An aerial view of a large grey aircraft carrier sailing across a deep blue ocean, with several fighter jets parked on its flight deck.

The largest American naval concentration near the Persian Gulf in years has intensified speculation about Washington’s willingness to use force against Tehran. With carrier strike groups converging, fighter squadrons surging to regional bases, and diplomacy in Oman yielding uncertain results, defense analysts are weighing the operational scope, strategic objectives, and aftermath risks of potential US military action against the Islamic Republic.

An Unprecedented Force Posture in the Gulf Region

Washington’s military footprint around Iran has expanded dramatically since late January 2026. The USS Abraham Lincoln carrier strike group entered the Middle East theater on January 26, joining the USS George H.W. Bush and an extensive flotilla of Tomahawk-capable surface combatants already positioned across the Arabian Sea and the Gulf of Oman.

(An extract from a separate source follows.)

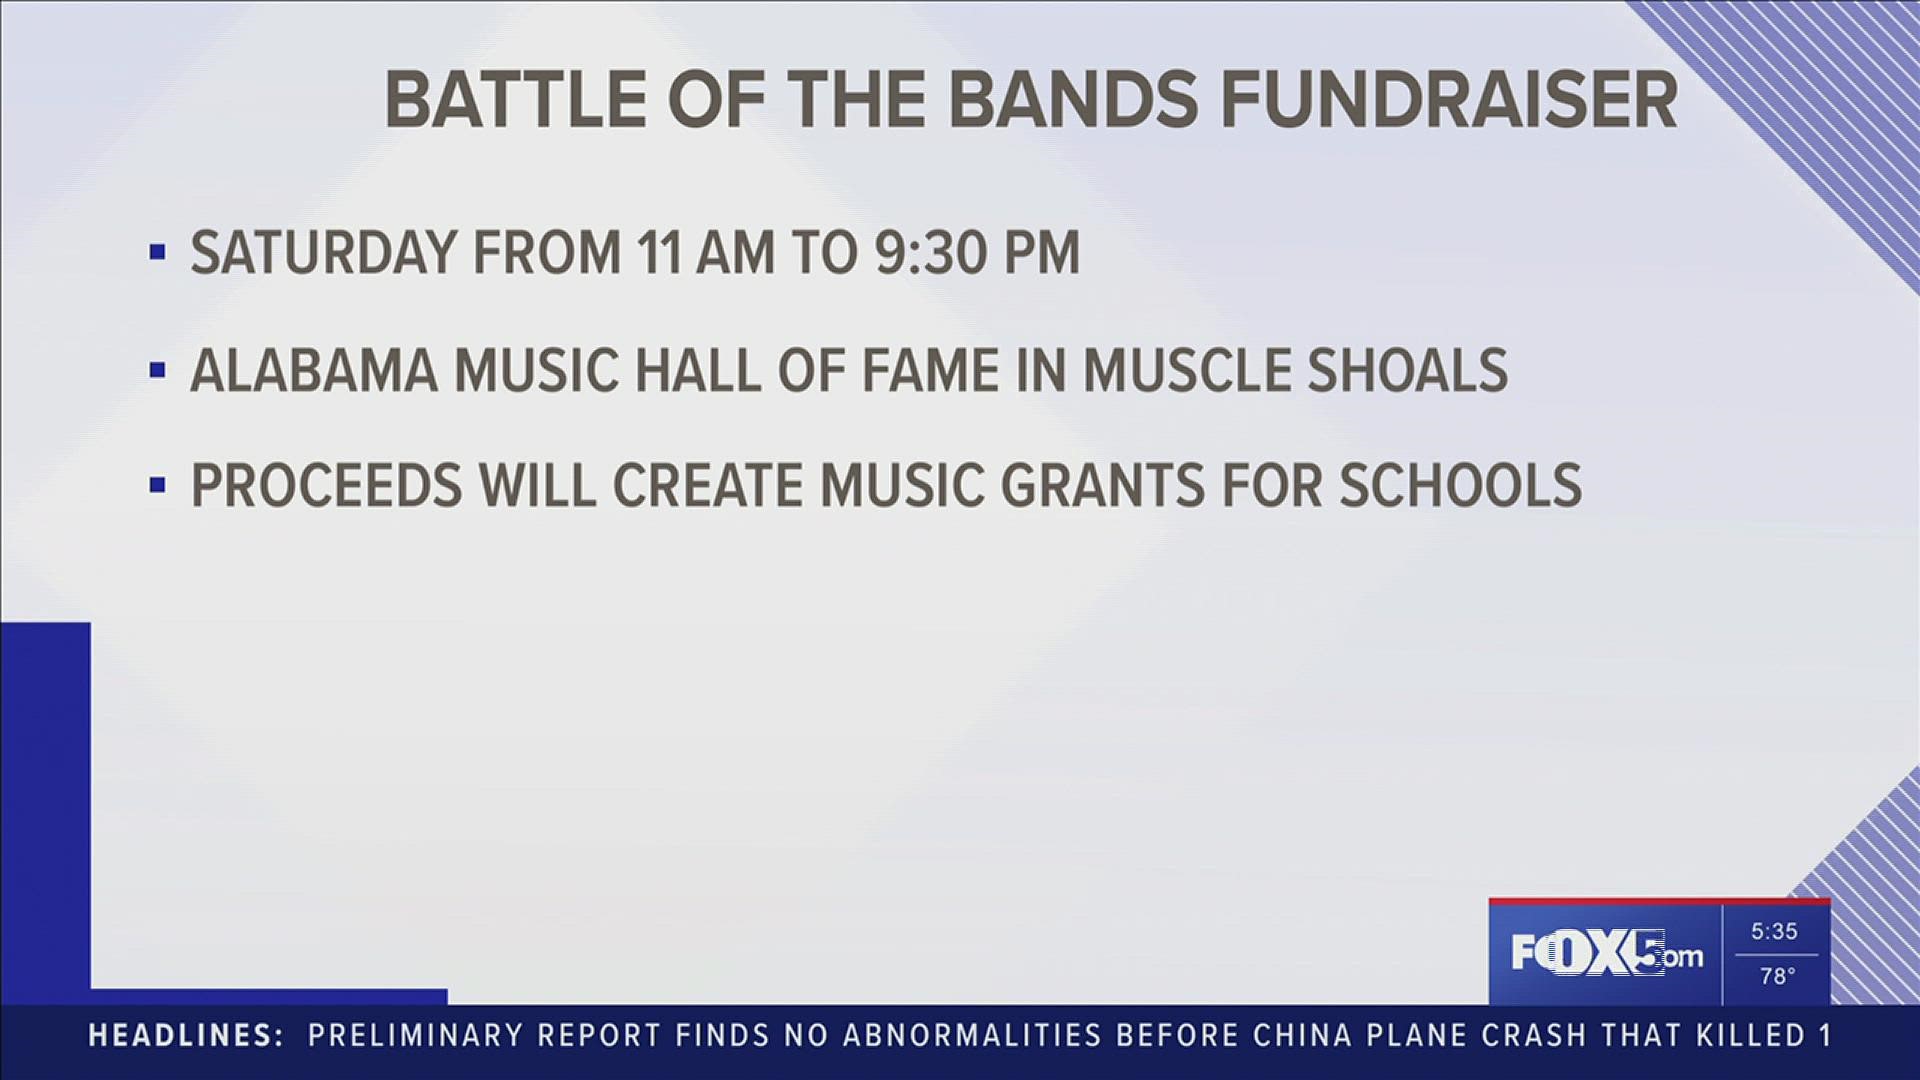 The AMIEA, in partnership with Big River Broadcasting and the Florence Academy of Fine Arts, is hosting a Battle of the Bands on April 23, 2022, from 11 a.m. until 9

Satellite imagery analyzed by multiple outlets has revealed dozens of strike aircraft deployed to forward bases in Jordan and the Gulf states, complemented by refueling tankers and intelligence platforms that together constitute what President Trump himself described as an “armada.” Observers at the Middle East Forum have characterized this concentration as the most significant American force buildup since the June 2025 strikes that targeted Iran’s nuclear infrastructure.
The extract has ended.